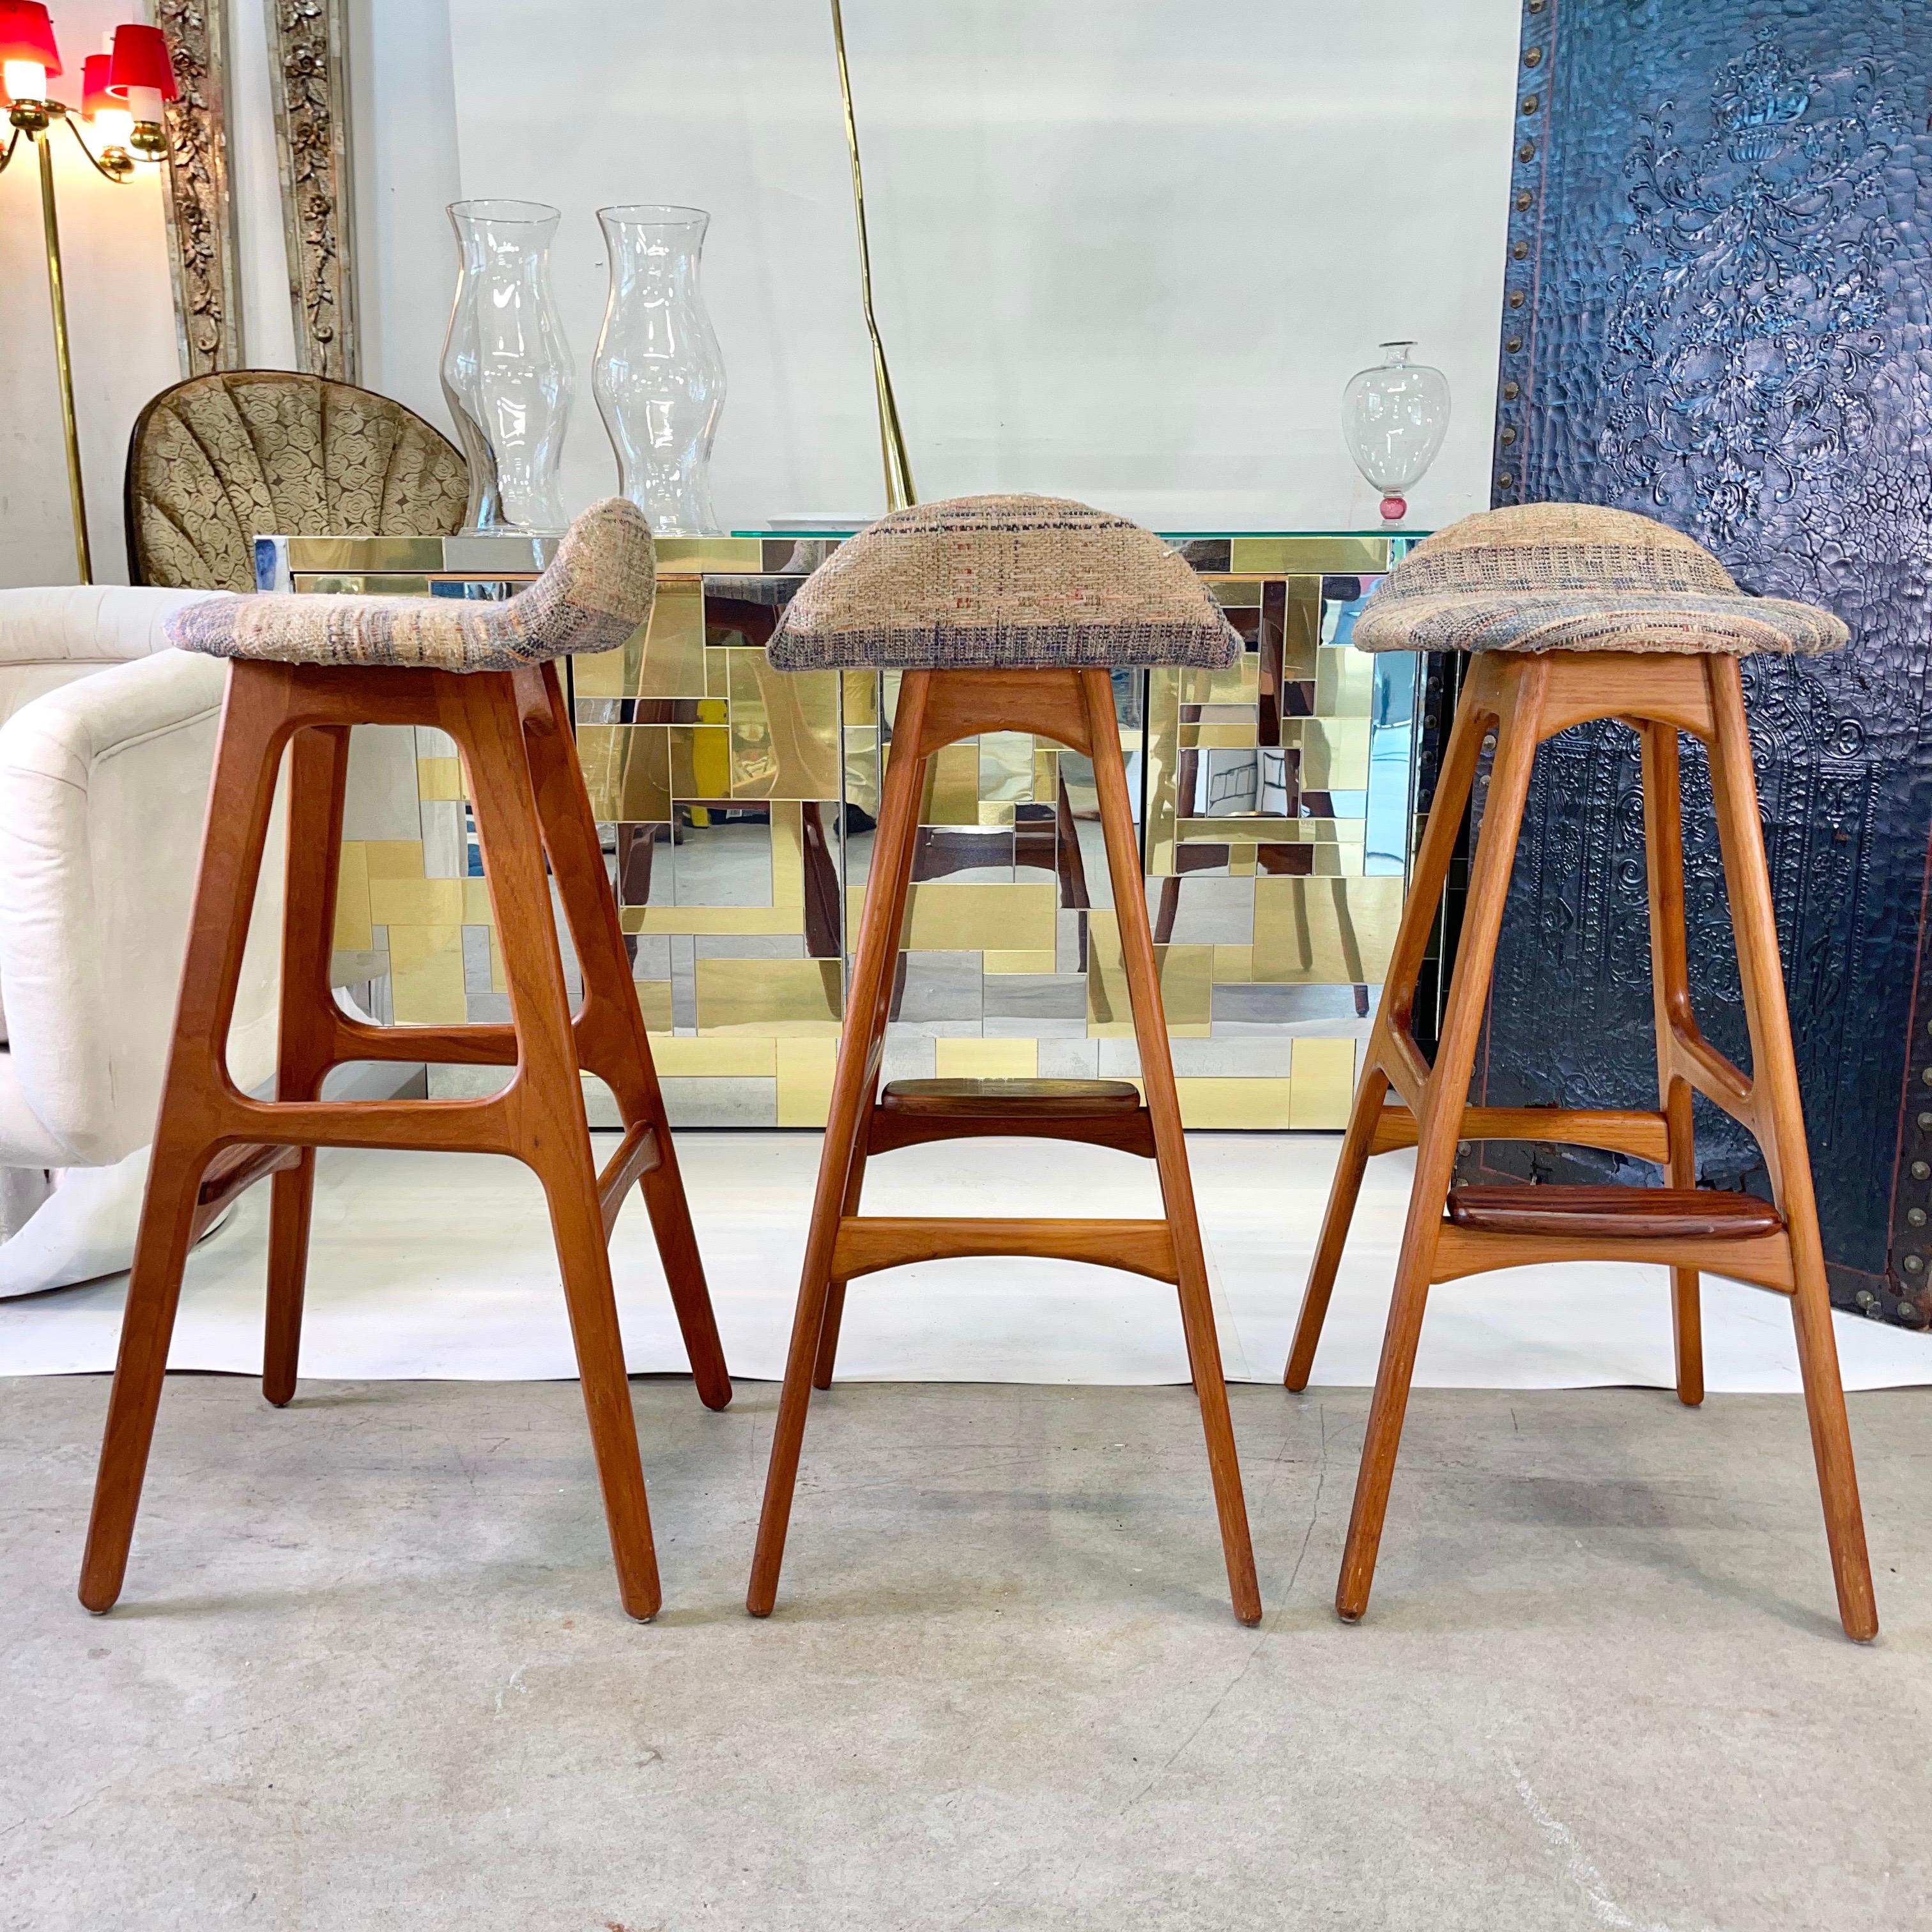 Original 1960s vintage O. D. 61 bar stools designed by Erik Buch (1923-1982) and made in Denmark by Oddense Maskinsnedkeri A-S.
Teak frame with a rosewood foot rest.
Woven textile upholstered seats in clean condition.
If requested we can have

- - - -

TASK OBJECTIVE: Print all of the data exactly, and do not carry over any pictures.

WRITTEN RESPONSE:
 Original 1960s vintage O. D. 61 bar stools designed by Erik Buch (1923-1982) and made in Denmark by Oddense Maskinsnedkeri A-S.
Teak frame with a rosewood foot rest.
Woven textile upholstered seats in clean condition.
If requested we can have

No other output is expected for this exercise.